Really big curly-wurleys, not the little things you get now.

Bags of 5p Space Raiders.

Double dips.

Fireballs.

Although not a favourite, do you remember the very un-pc sweets shaped as various smoking devices? Like sweet ciggies and chocolate pipes?

 ::

----------


## Angela

> Although not a favourite, do you remember the very un-pc sweets shaped as various smoking devices? Like sweet ciggies and chocolate pipes?


Oh dear, yes, I loved "sweet cigarettes"...also very fond of Love Hearts  ::

----------


## ecb

"Blobs" were around in the late seventies, they came in various flavours, my favourite was toffee apple.

----------


## SNOWDOG

Chutney outer spacers, Lush biscuits and Texan bars! ::

----------


## nightowl

The old penny daintie was so big we had to halve them to get them in the mouth. Brown coltsfoot sticks we used to lick to a point, and hard liquorice sticks were made into "sugarolly water". Sports mixture were sold at four for a penny - that was a farthing each!! No wonder my mouth is full of silver fillings....

----------


## cuddlepop

Trophy bars  which i think got renamed Banjo's but weren't as nutty,Rainbow mix in a paper cone bag and homemade tablet they sold in shops that really tasted as if it ws homemade. :Smile:

----------


## big red

Bitz choc bar (orange or mint) and 5 boys choc bar ----  ::   ::

----------


## Carol Robinson

Ooooo  all these lovely old sweeties listed are fairly making my teeth twinge :Wink: 
I always loved the brown coltsfoot rock, I would suck on one of those for hours. The fry's five centre...now were talking my favourite too,  I still love the original fry's chocolate cream and usually get a pack of 4 from the co-op on a regular basis,  my bad... I know it!  But...  oh the yumminess ::

----------


## Max

Can you still get a Walnut Whip???

----------


## big red

does anybody remember the black stick you could buy and when you sooked it your tongue got all black in colour,it was also very hard and you had to break it with you teeth. Also, do you remember 1p caramels they very nearly did'nt fit in your mouth, and what about the tiny black sweets that tasted of aniseed and you had to take hundreds in a your mouth at a time so you could taste them.

----------


## quirbal

> Chutney outer spacers, Lush biscuits and Texan bars!

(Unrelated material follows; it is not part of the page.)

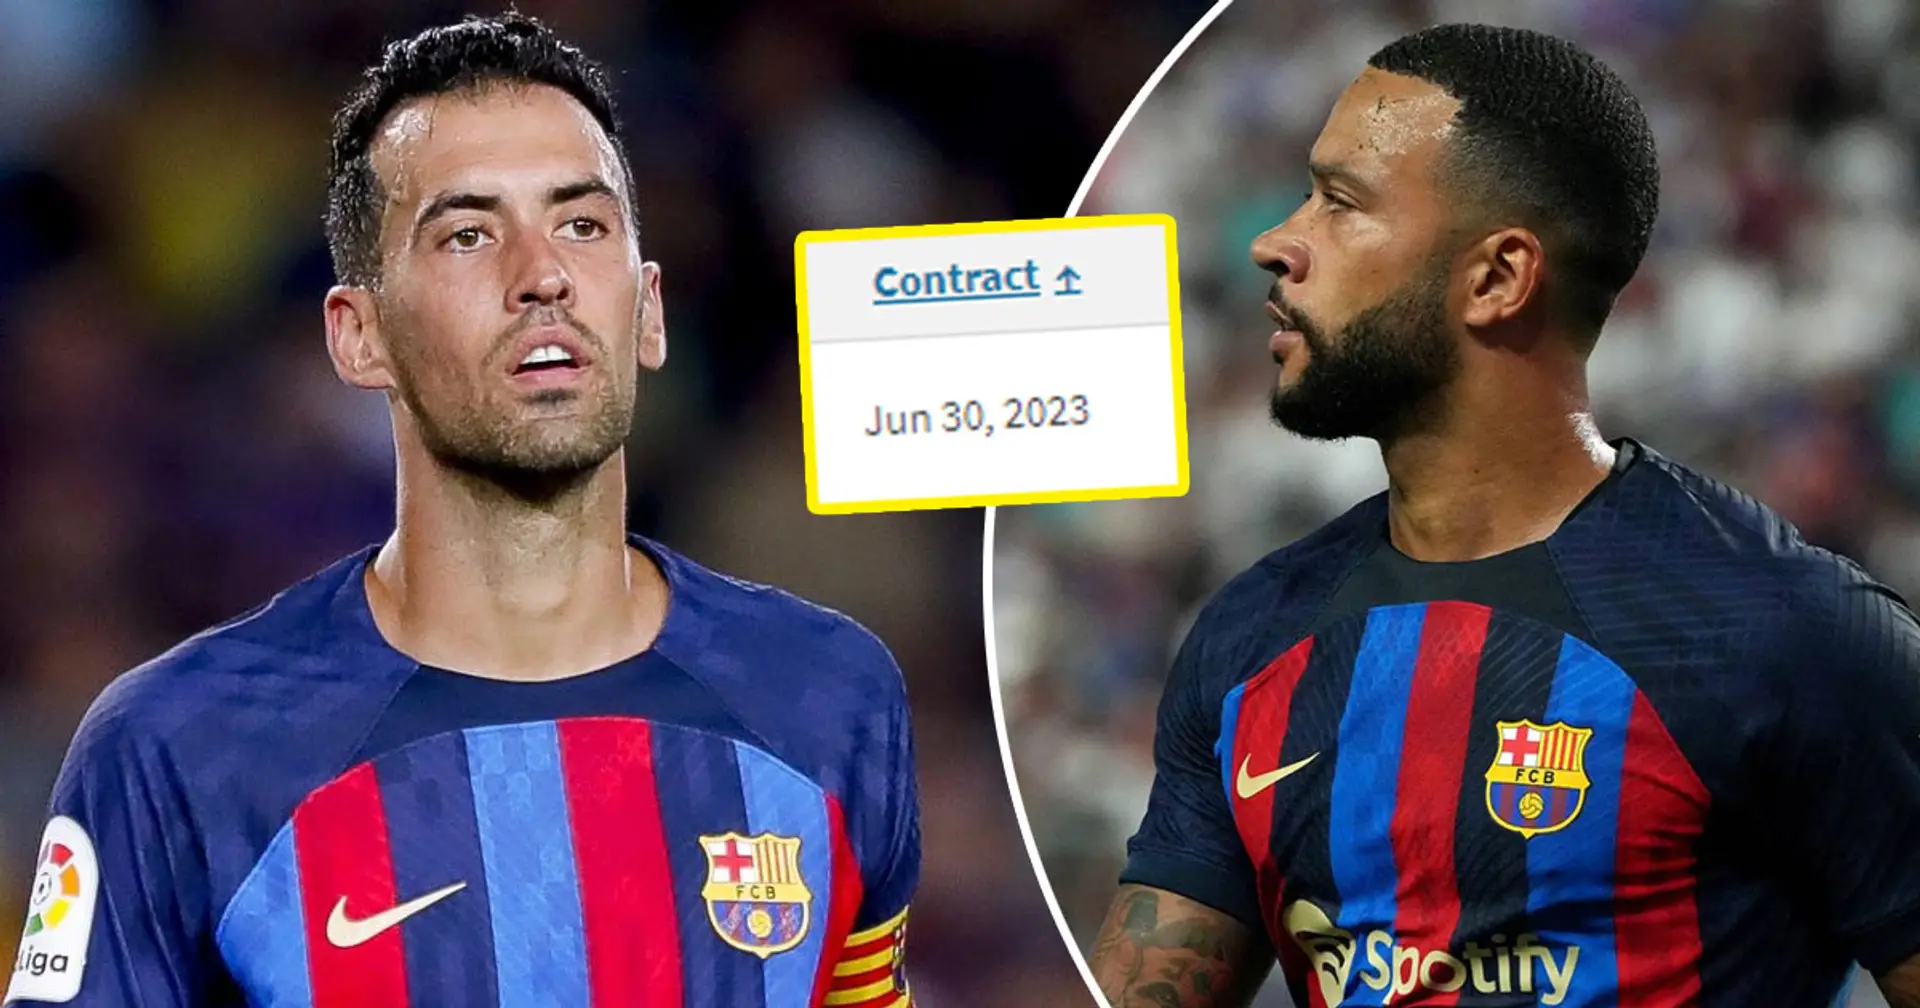 6 Barca players free to start negotiations with other clubs from today - we name them

Texans, yes they were very tasty.  

They were re-released some time in the last few years for a few months, but somehow tehy just did not taste the same, or maybe my memory is failing me!

----------


## North Rhins

Black Jacks four for a penny, pre decimal of course.

----------


## stratman

Anyone remember a square sweet, about an inch square. that you could eat or put into water and make a shebet drink.  I used to get it when I stayed in Elderslie in the 60s.  There were several flavours.  Can't remember what it was called.

----------


## Max

There were black jacks and fruit salads that were the fuity alternative.  I used to loooove black jacks

----------


## karia

> Can you still get a Walnut Whip???


Don't know about the originals (rowntree's, was it?) but M&S still do them.
Do you remember the coffee ones? They were Yumm!
Everyone had a ritualistic way of eating them...with the big debates centering around what you did with the walnuts and the thick chocolate base!
(not what you did exactly, but the order in which you did it!)  :Smile: 

Anyone remember pink panther bars, or toffee and mallow easter eggs?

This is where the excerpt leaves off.